Need x so that: f(x+3) = 26. Therefore, you find x' such that f(x') = 26 and subtract 3 from x' to get the desired x (since f(x+3) = f(x'-3+3) = f(x') = 26 as desired).

The most important thing to remember is that f(x-a) translates the graph a units to the right (to get the same value of f(x), you need to add 'a' to the x-value). Similarly, f(x+a) translates the graph 'a' units to the left (to get the same value of f(x), you need to subtract a from the x-value so the graph must be translated 'a' units left). Similarly, -f(x) reflects f about x-axis and f(-x) reflects f about y-axis. In general a*f(x) dilates graph parallel to y-axis; scale factor 1/a. Similarly f(ax) dilates graph parallel to x-axis scale factor 1/a (since you need 1 a^(th) the same value of x to get the original f(x) so the graph must shrink horizontally) —Preceding unsigned comment added by Topology Expert (talk • contribs) 13:03, 17 September 2008 (UTC)

Hi, is there a solution to xy" + y' - y = 0 that uses a finite set of well known functions?(Not the power series solution--I got the d.e. as something a certain power series satisfied and I want to express the function repped by the p.s. in terms of well known functions if possible. The function is y = the sum of (x^n)/[(n!)^2] from n=0 to infinity, which I got from the linear operator that sends the p.s. for 1/(1-x) to the one for e^x. When you do the same on the p.s. for e^x, you get y.)Thanks in advance.Rich (talk) 02:54, 17 September 2008 (UTC)

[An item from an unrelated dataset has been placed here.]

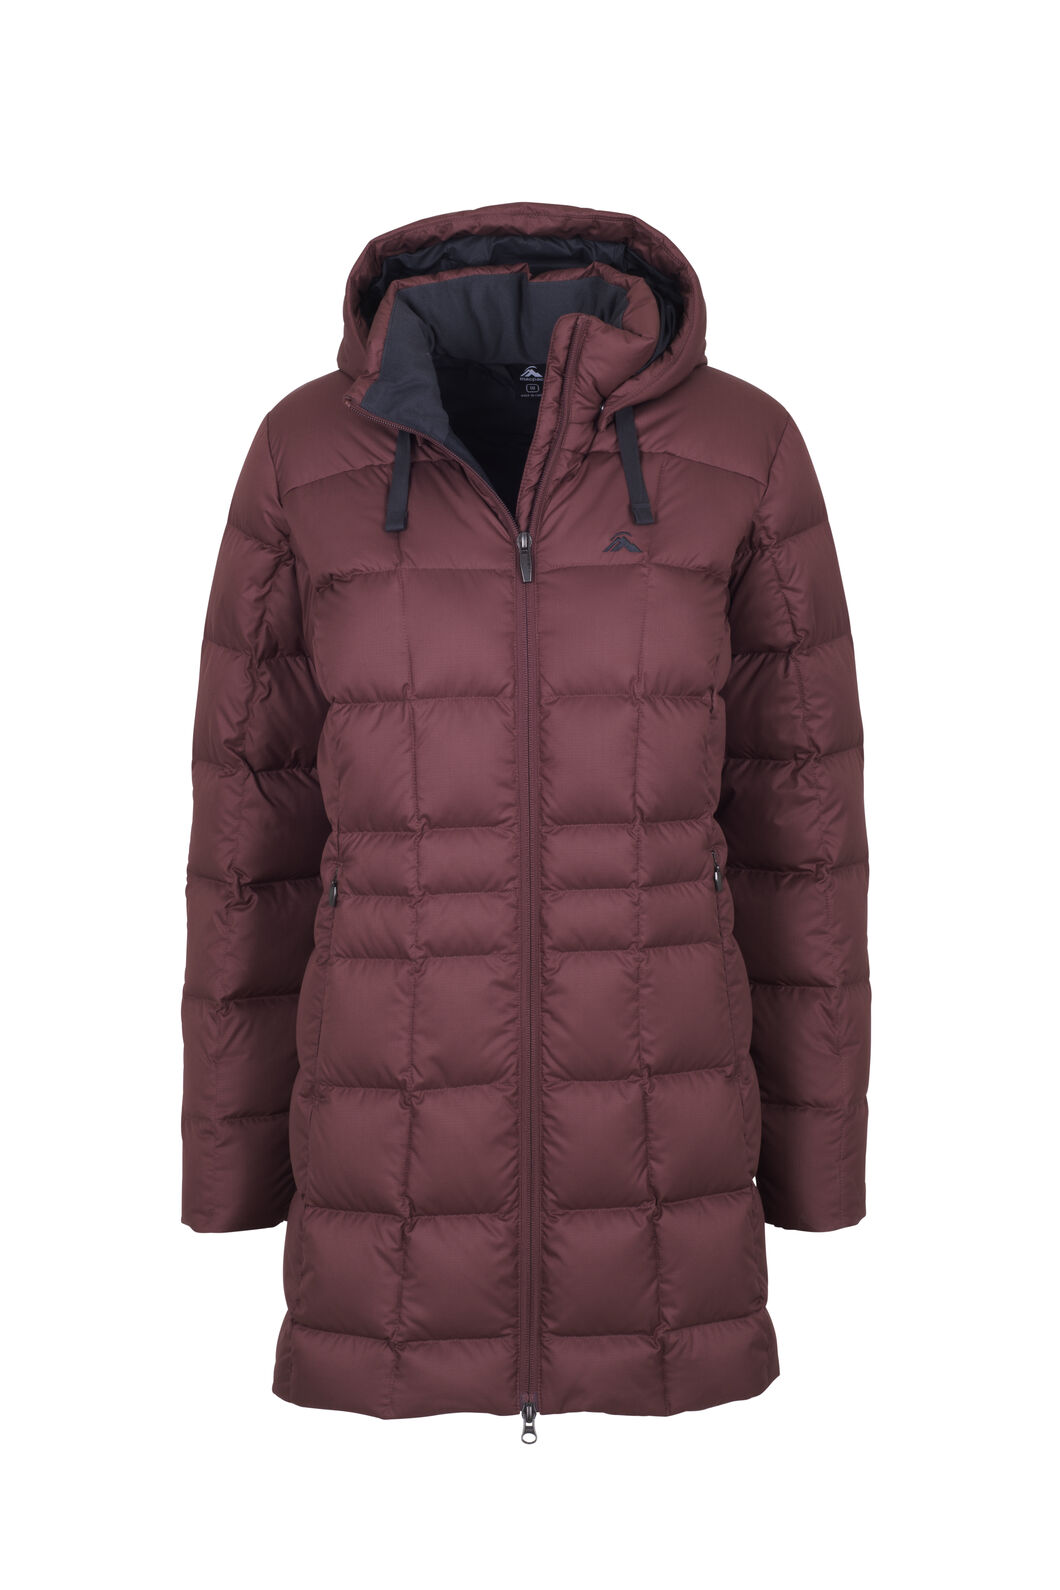 45c34abab87a Macpac Aurora Down Coat V3 - Women s

:See Bessel-Clifford function with n=0. Dmcq (talk) 09:49, 17 September 2008 (UTC)

::good referral, thank you.130.86.14.25 (talk) 05:10, 19 September 2008 (UTC)

what is value of nC3

class="autosigned">—Preceding unsigned comment added by 59.184.240.35 (talk) 13:13, 17 September 2008 (UTC)

:See Combination. --Tango (talk) 13:19, 17 September 2008 (UTC)

:Use the definition of binomial coefficient, substitute 3, and simplify. (Alternately, use the theorem that nCk is a polynomial of n of degree k for any fixed nonnegative integer k, compute it for a few small values, then interpolate. Alternately, compute for the first few values of n and look up in [http://www.research.att.com/~njas/sequences/ OEIS] for a formula. Alternately rewrite the binomial to a falling power and use the equation about falling powers and Stirling numbers to get the result in expanded forms rightaway.)

:If you don't know what binomial coefficients are in general then a good introduction might be the first few chapters of Graham–Knuth–Patashnik, Concrete mathematics. – b_jonas 15:15, 19 September 2008 (UTC)